In 1932 it was vandalized by a madman.

With reference to the Musée d'Orsay, the partial provenance of the work is as follows; although some events are missing, such as the Brussels show in 1874:
- 1860 – owned by Belgian landscape painter Victor de Papeleu who bought it for 1,000 francs;
- 1860 – owned by Alfred Stevens, who paid 2,500 fr.;
- 1860 – owned by Jules Van Praët, Brussels;
- 1864 – Paul Tesse obtained it by exchanging it for La Grande bergère (Shepherdess and flock) by Millet;
- 1865 – owned by Emile Gavet, Paris;
- By 1881, collection John Waterloo Wilson, avenue Hoche, Paris; his sale at hôtel Drouot, 16 March 1881;
- 16 March 1881, Eugène Secrétan, a French art collector and copper industrialist who donated copper for the Statue of Liberty, bidding against M. Dofœr, for 168,000 fr., with fees;
- Secrétan sale (63), 1 July 1889, galerie Sedelmeyer, Paris – bidding war between the Louvre (Antonin Proust) and the American Art Association; James F. Sutton drives the sale price to 553,000 francs;
- 1889 – 1890, collection American Art Association, New York; sale 1890 to the Paris collector and philanthropist, Hippolyte François Alfred Chauchard (1821–1909), for 750,000 fr.;
- 1890 – 1909, collection Alfred Chauchard;
- 1909: Chauchard bequest of 1906 to the French State; formally accepted 15 January 1910 into the permanent collection of the musée du Louvre, Paris;
- 1986 – transferred to the permanent collection of musée d'Orsay, Paris.

==Legacy==
A month after the Secretan sale, The Gleaners was sold for 300,000 francs, and the contrast between the auction prices of Millet's paintings on the art market and the value of Millet's estate for his surviving family led to the droit de suite (French for "right to follow"), a French law that compensates artists or their heirs when artworks are resold.
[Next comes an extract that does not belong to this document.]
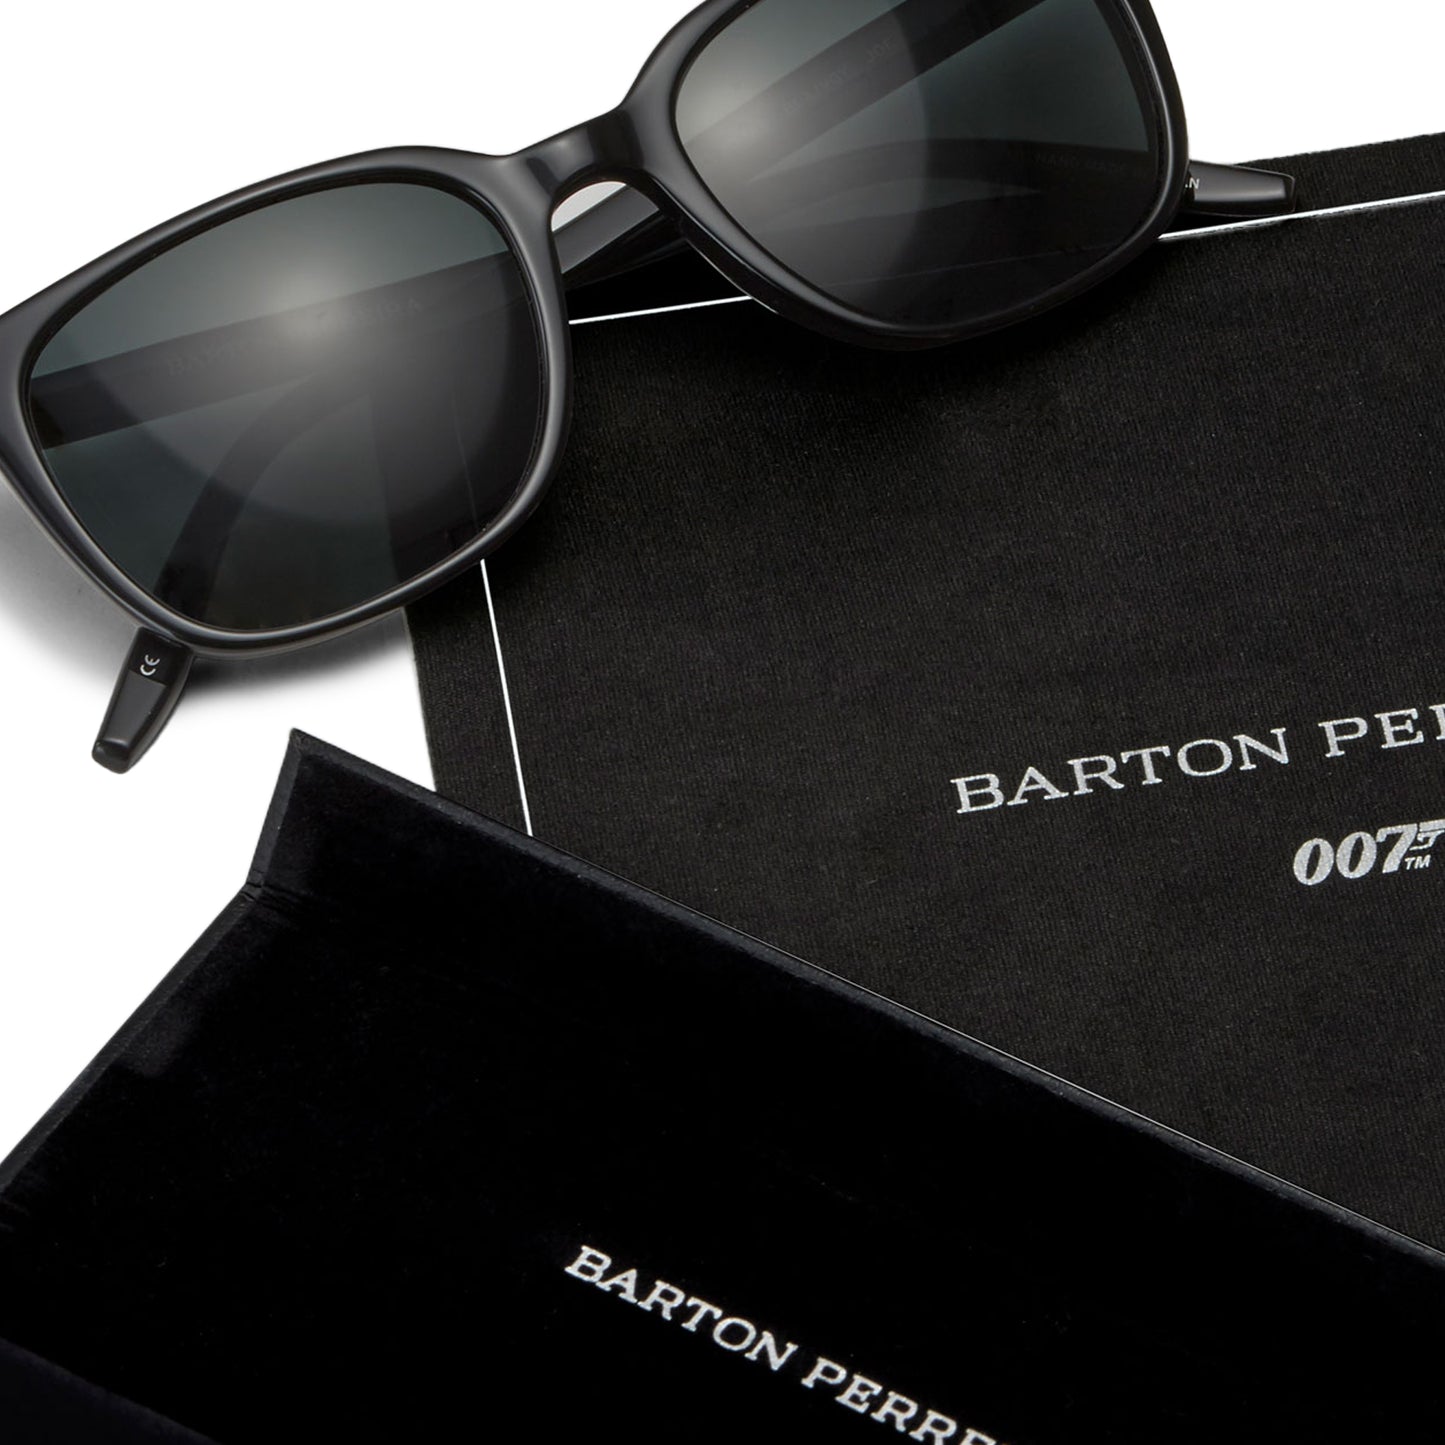 Barton Perreira 007 Joe Sunglasses

The imagery of The Angelus with peasants praying was a popular sentimental 19th-century religious subject. Generations later, Salvador Dalí had seen a reproduction of it on the wall of his childhood school and claimed to have been spooked by the painting. He felt the basket looked like the coffin of a child and the woman looked like a praying mantis. He was inspired to create his paranoiac-critical paintings The Architectonic Angelus of Millet and Gala and the Angelus of Millet Preceding the Imminent Arrival of the Conical Anamorphoses in 1933. These were followed two years later by a similar pair of paintings which included a partial reproduction of Millet's The Angelus, called The Angelus of Gala and Archaeological Reminiscence of Millet's Angelus. In 1938, he published a book Le Mythe tragique de l'Angélus de Millet.